See this article: http://whatscookingamerica.net/CuttingBoards/AllAbout.htm


----------



## Dusty (Aug 9, 2006)

Thanks for the info and the link.

So, considering maple isnt' available and oak is probably not recommended, that leaves me choosing between beech and birch. Any thoughts which to go with?


----------



## Jeekinz (Jan 29, 2007)

Hard Maple is the most widely used matrial for this purpose. Lumber Liquidators sells maple butcher block material which is better suited for an active kitchen and not just for looks.


----------



## SecretSquirrel (Jun 22, 2007)

Dusty said:


> Thanks for the info and the link.
> 
> So, considering maple isnt' available and oak is probably not recommended, that leaves me choosing between beech and birch. Any thoughts which to go with?

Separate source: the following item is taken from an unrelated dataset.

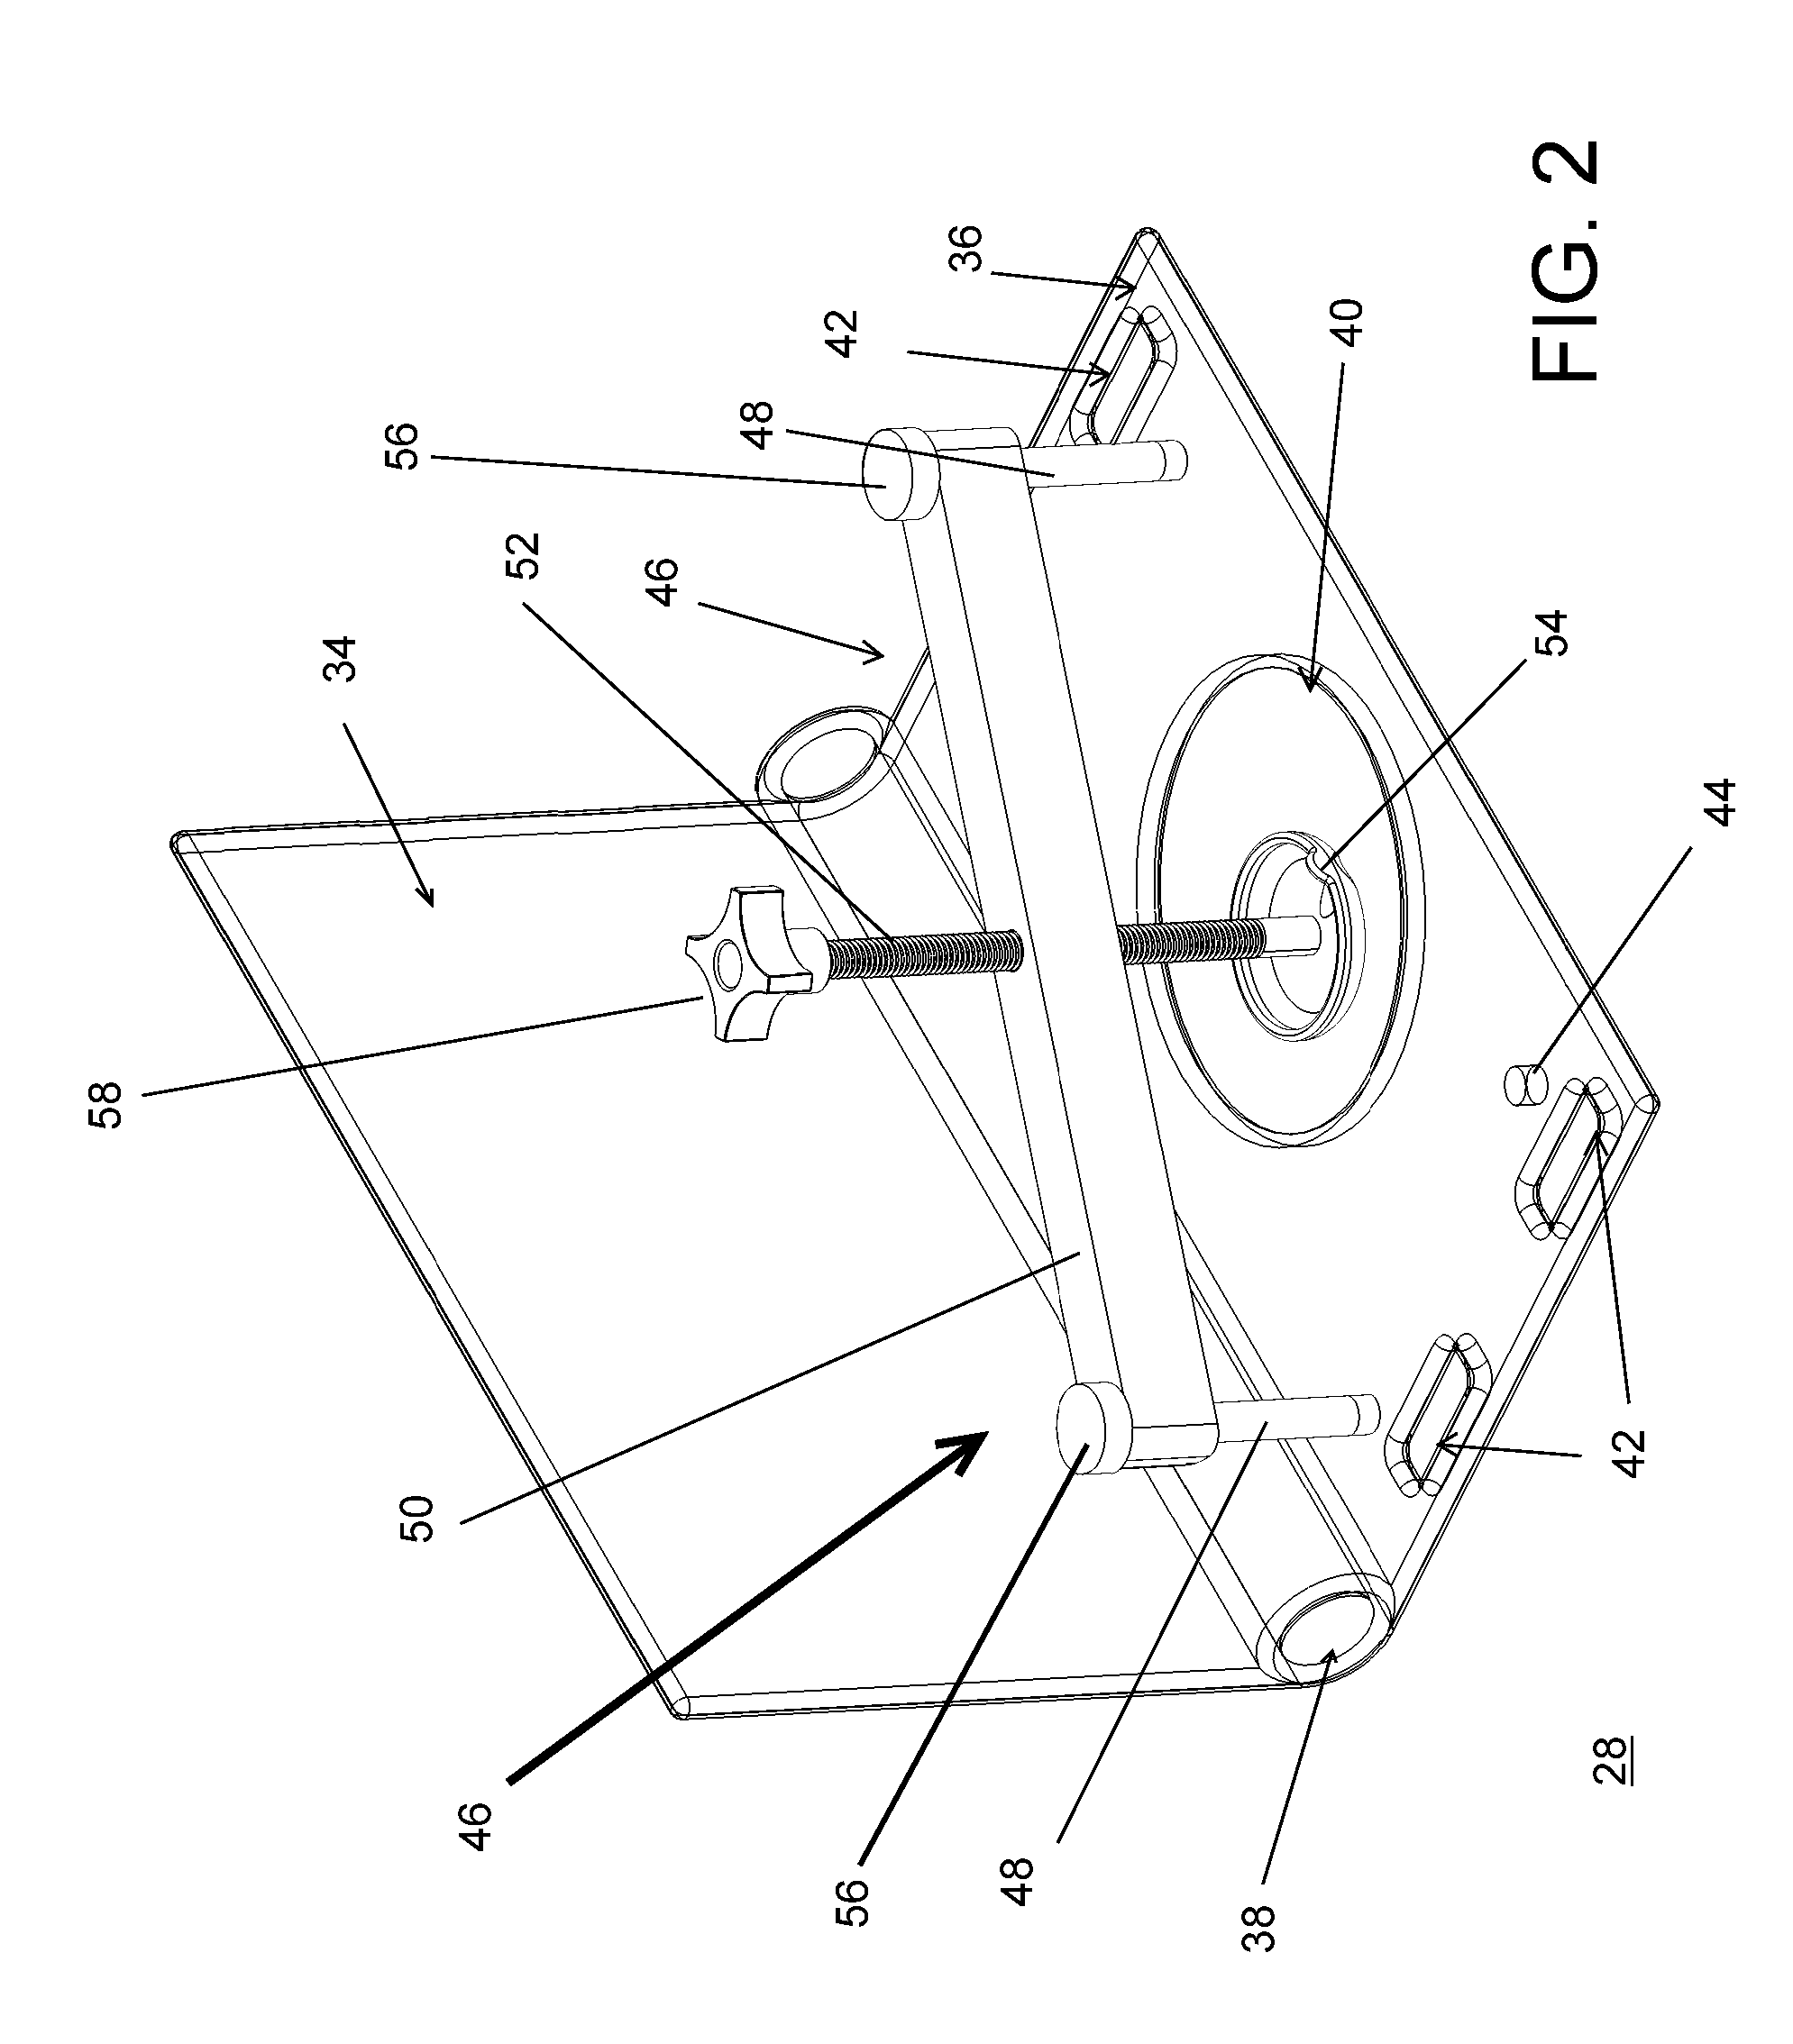 Method and apparatus for retraction of pannus

I know the next two most popular choices are walnut and cherry. The general rule is any hard tight grained wood. Oak is an open grained wood but if you look around long enough you'll see where some use it anyway despite the tannin issue. Birch, teak, bamboo and ash are all tight grained woods so the birch is probably your boy.


----------



## skymaster (Jun 6, 2007)

if my choice is between birch and beech then Beech wins everytime, harder,tighter grain, almost equal to Maple


----------



## SecretSquirrel (Jun 22, 2007)

skymaster said:


> if my choice is between birch and beech then Beech wins everytime, harder,tighter grain, almost equal to Maple


Aha! This I didn't know. I defer to the skymaster.


----------



## Dusty (Aug 9, 2006)

Thanks folks. Beech it is then. It's kind of tough not having a lot of choices but I've been trying for a year now to get my kitchen counter done (as well as my bathroom tiled). There is a serious shortage of trades (labour in general) here as the market is very hot so small jobs like mine aren't getting done. When I saw Ikea could offer install sometime before Christmas and a guarantee I decided to try their counters. Fingers crossed.


----------



## tedn332 (Nov 2, 2005)

*beach/birch*

Couldn't pass this up. Out in the forest there was a beech tree and a birch tree real close together. A sappling sprouted between them. Couldn't determine if it was a son of a birch or a son of a beech. Sorry:laughing:


----------